§ **Exercise requirements**: Wherever a picture appears, skip it and retype the rest of the data exactly.

-------- Recorded data

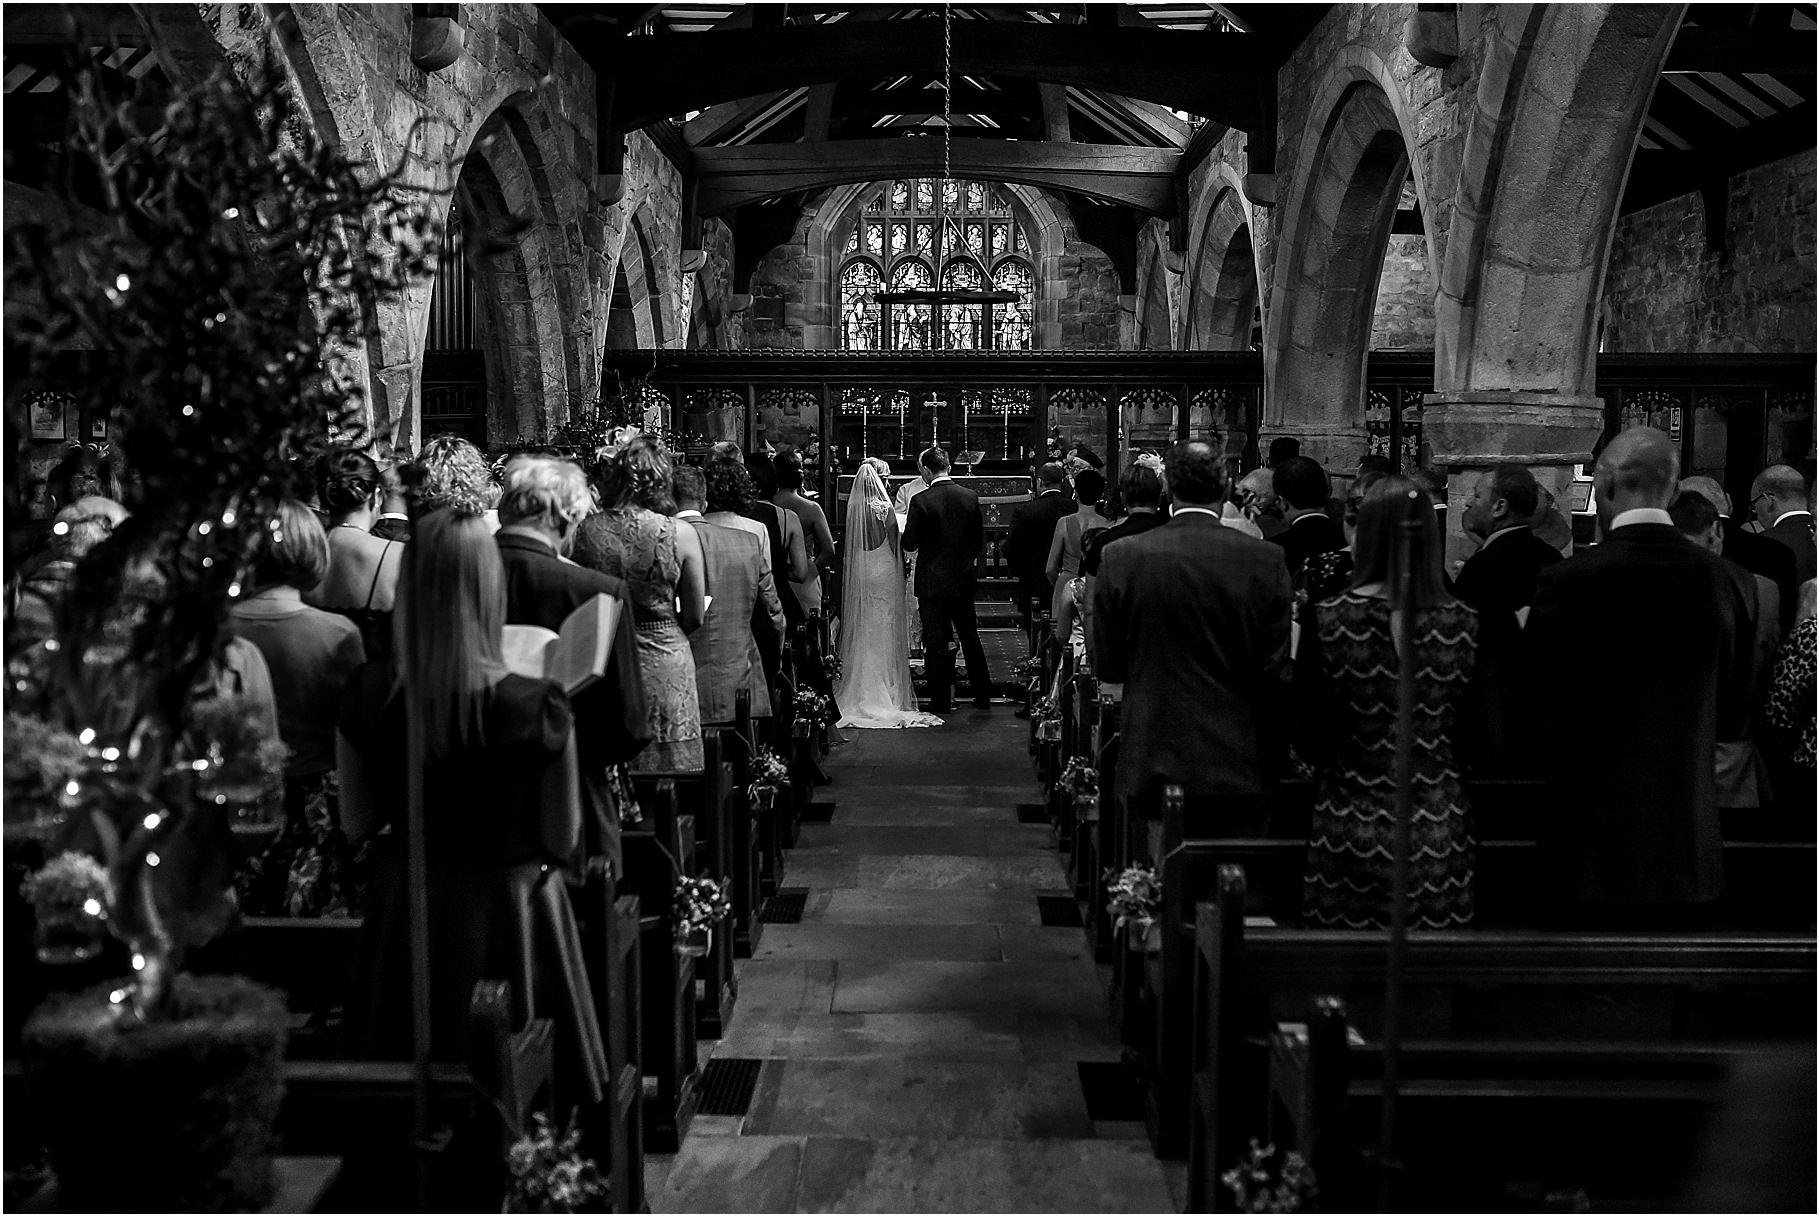 bartle-hall-wedding-photography-035.jpg
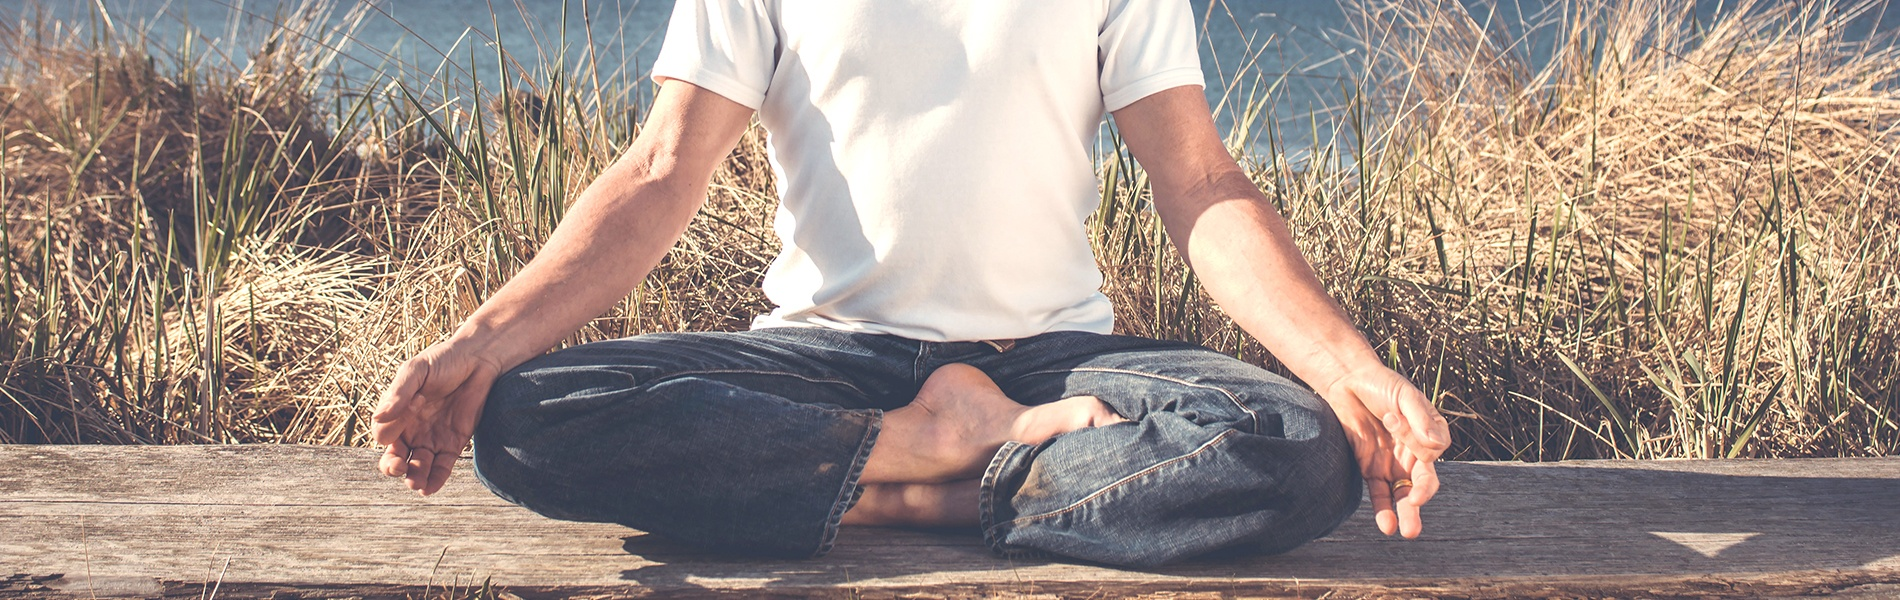 The-Man-y-Benefits-of-Yoga-for-Men-1900x600.jpg
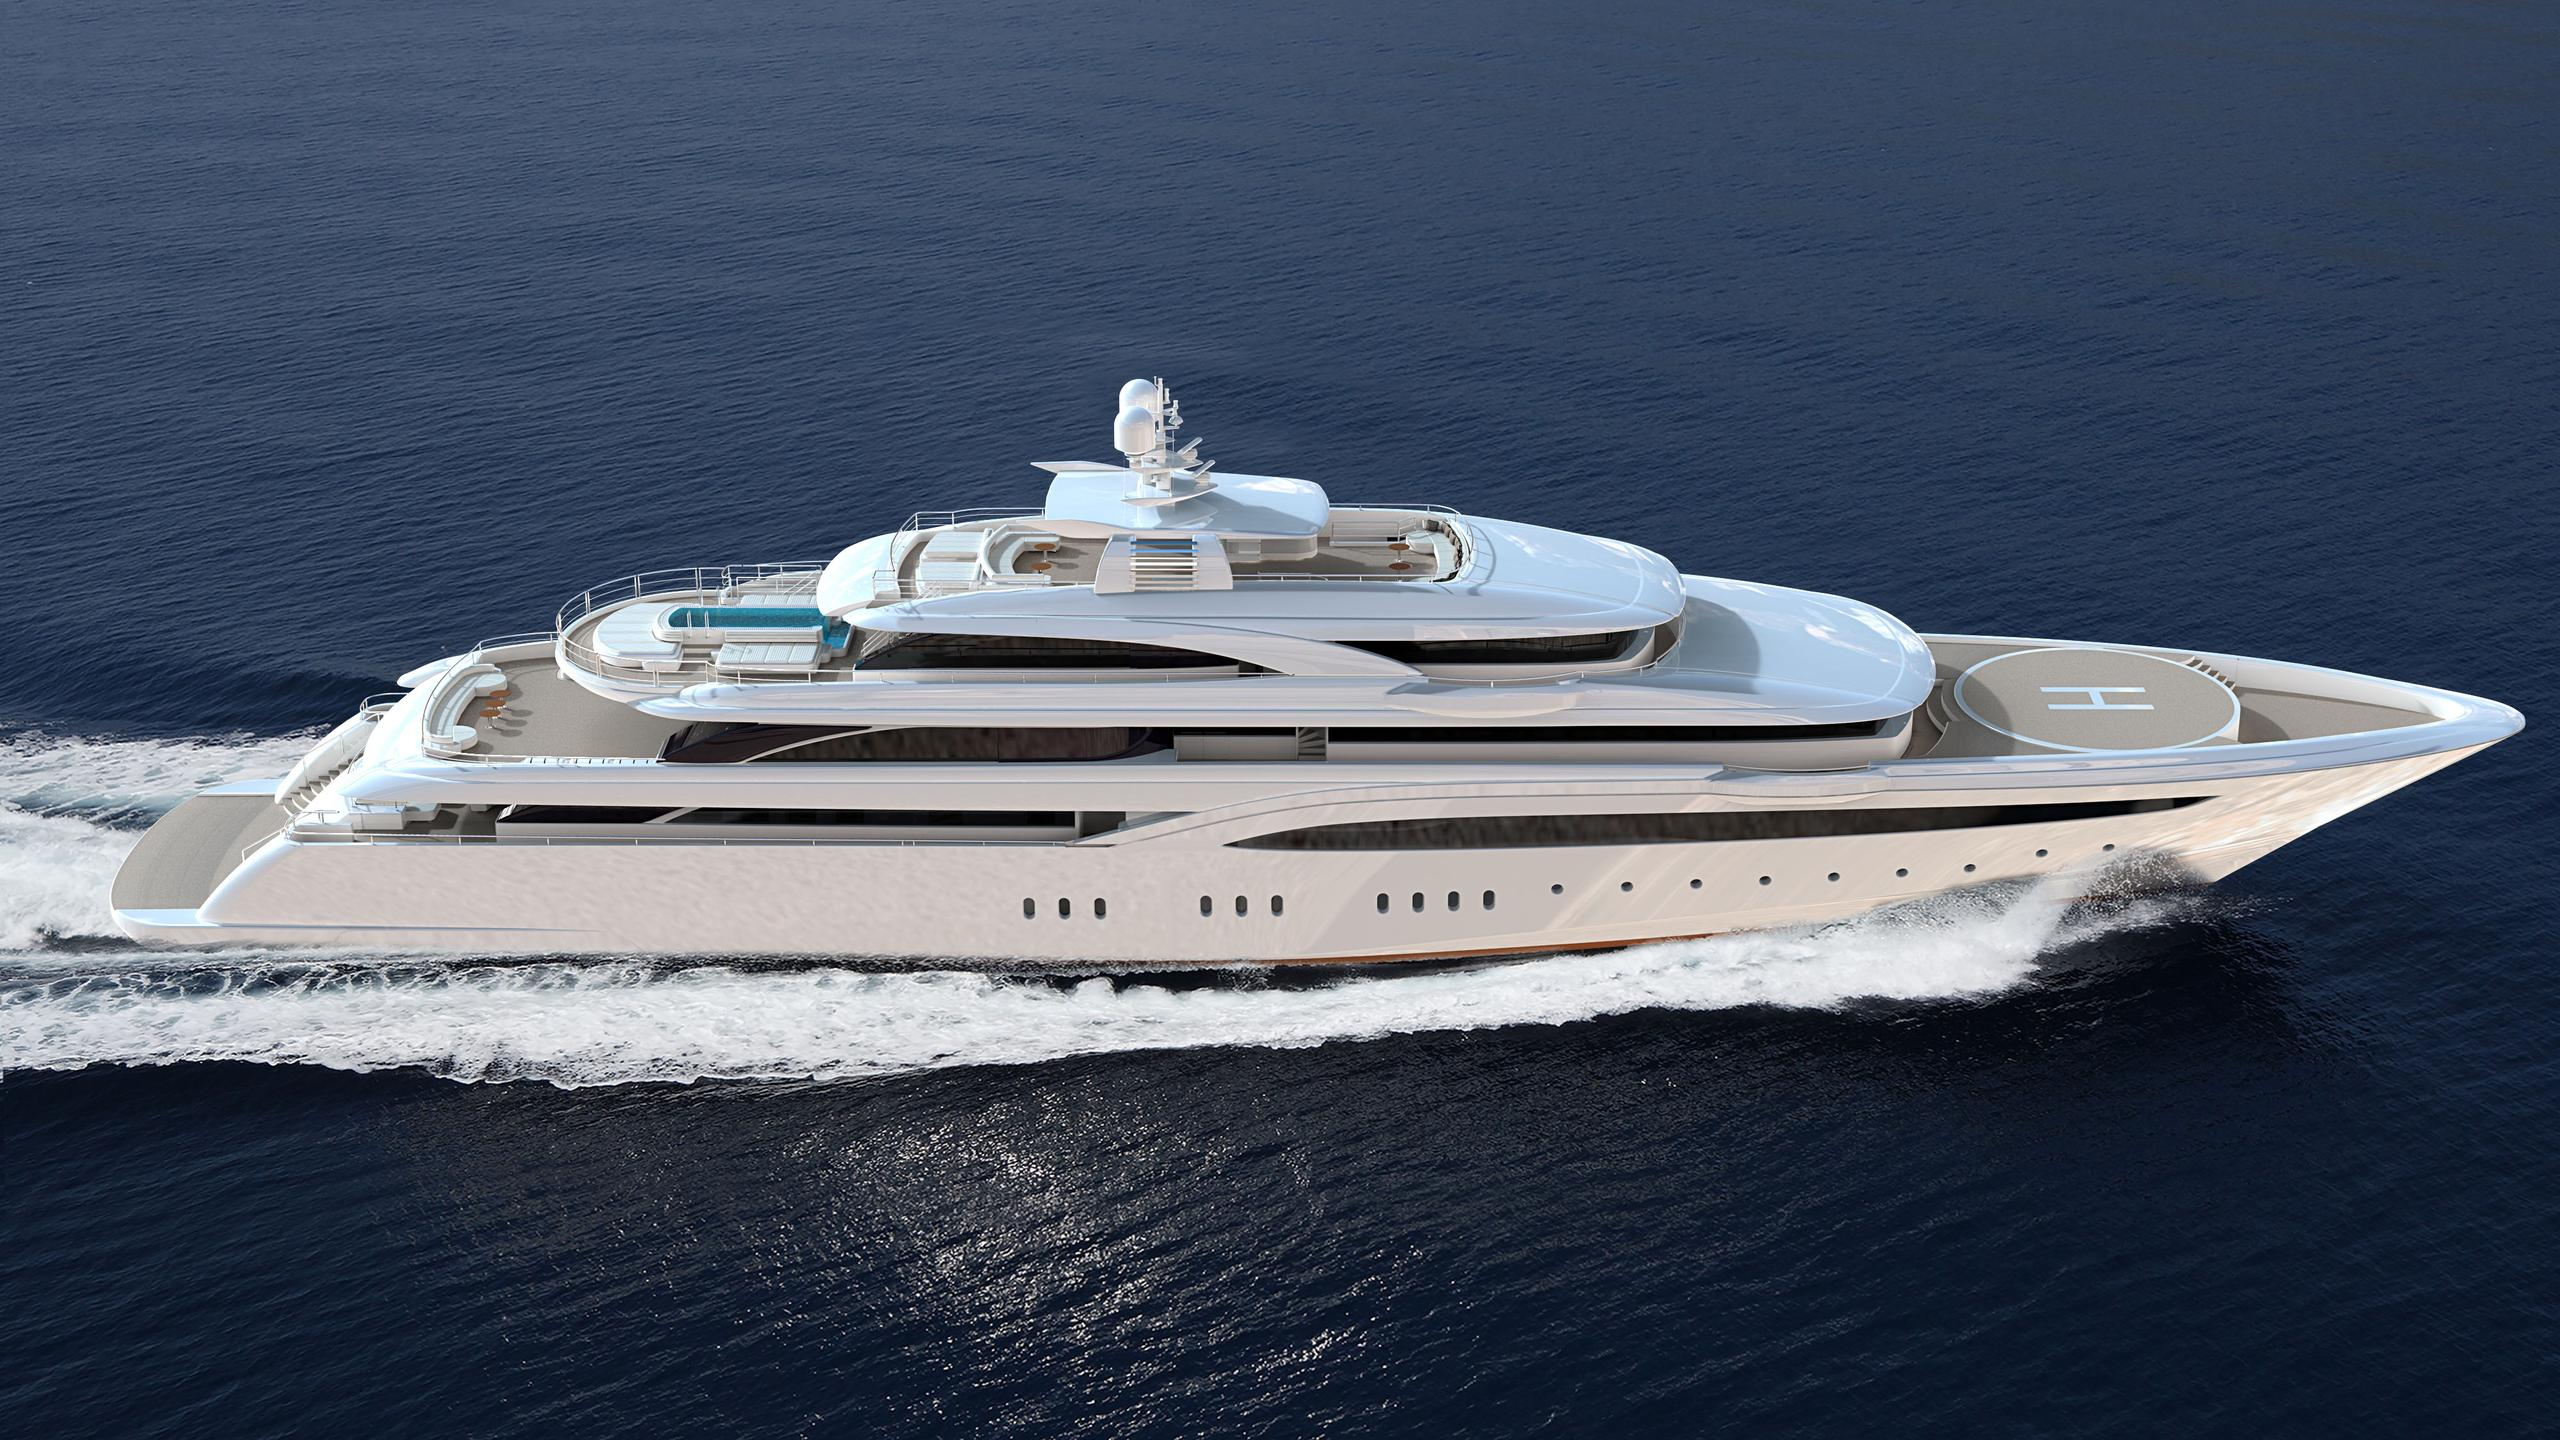 optasia gy85 motoryacht golden yachts 85m 2018 rendering
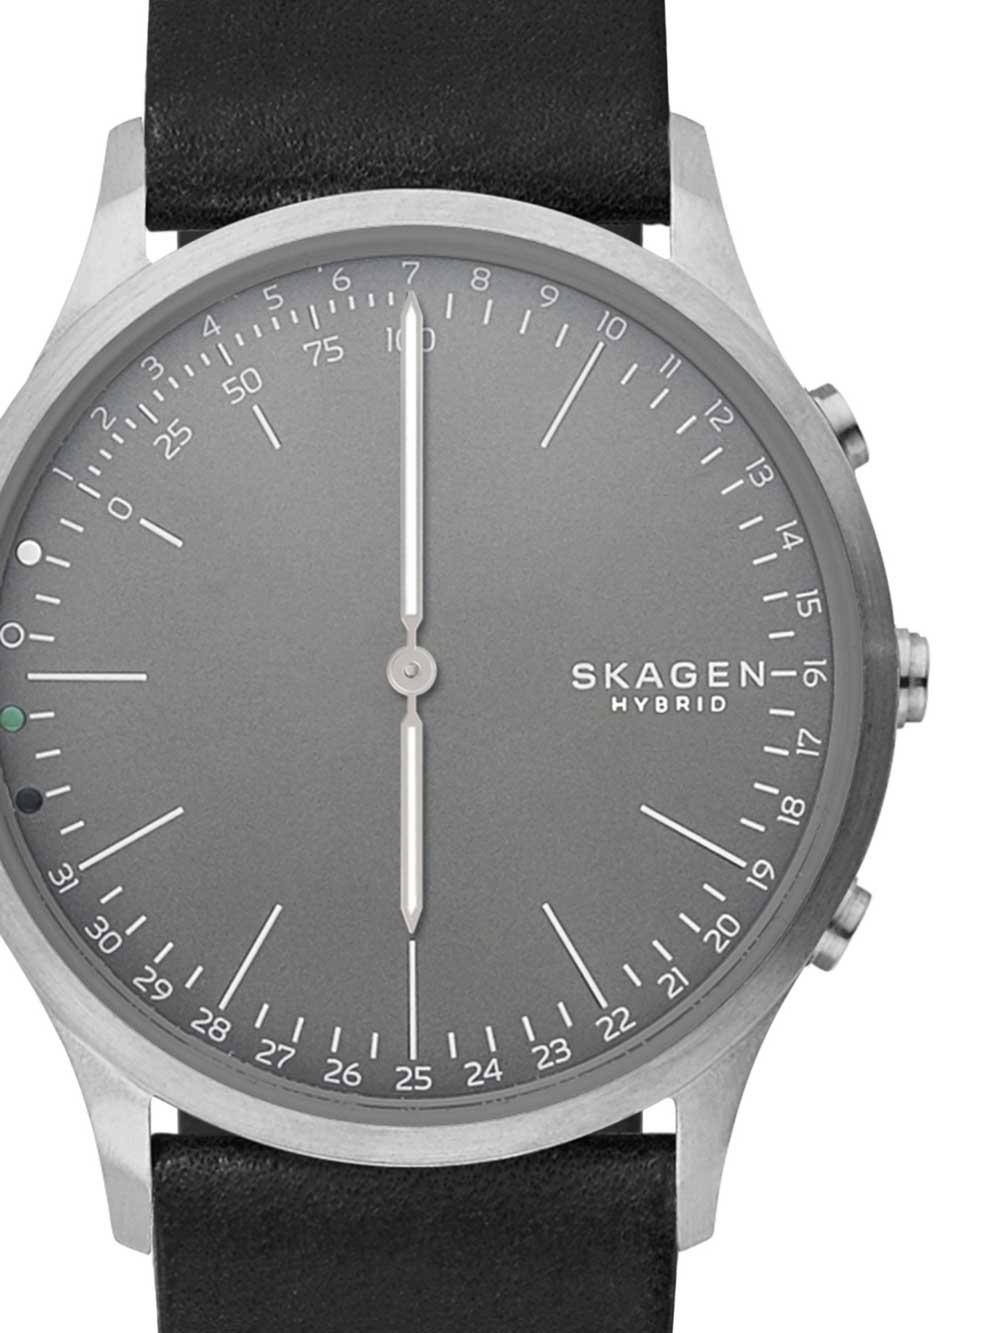 Skagen SKT1203 CA Jorn Gray I Hybrid Smartwatch Herren 42mm 3ATM

----------------

§ **Answer for the task**:
 bartle-hall-wedding-photography-035.jpg
 The-Man-y-Benefits-of-Yoga-for-Men-1900x600.jpg
 optasia gy85 motoryacht golden yachts 85m 2018 rendering
 Skagen SKT1203 CA Jorn Gray I Hybrid Smartwatch Herren 42mm 3ATM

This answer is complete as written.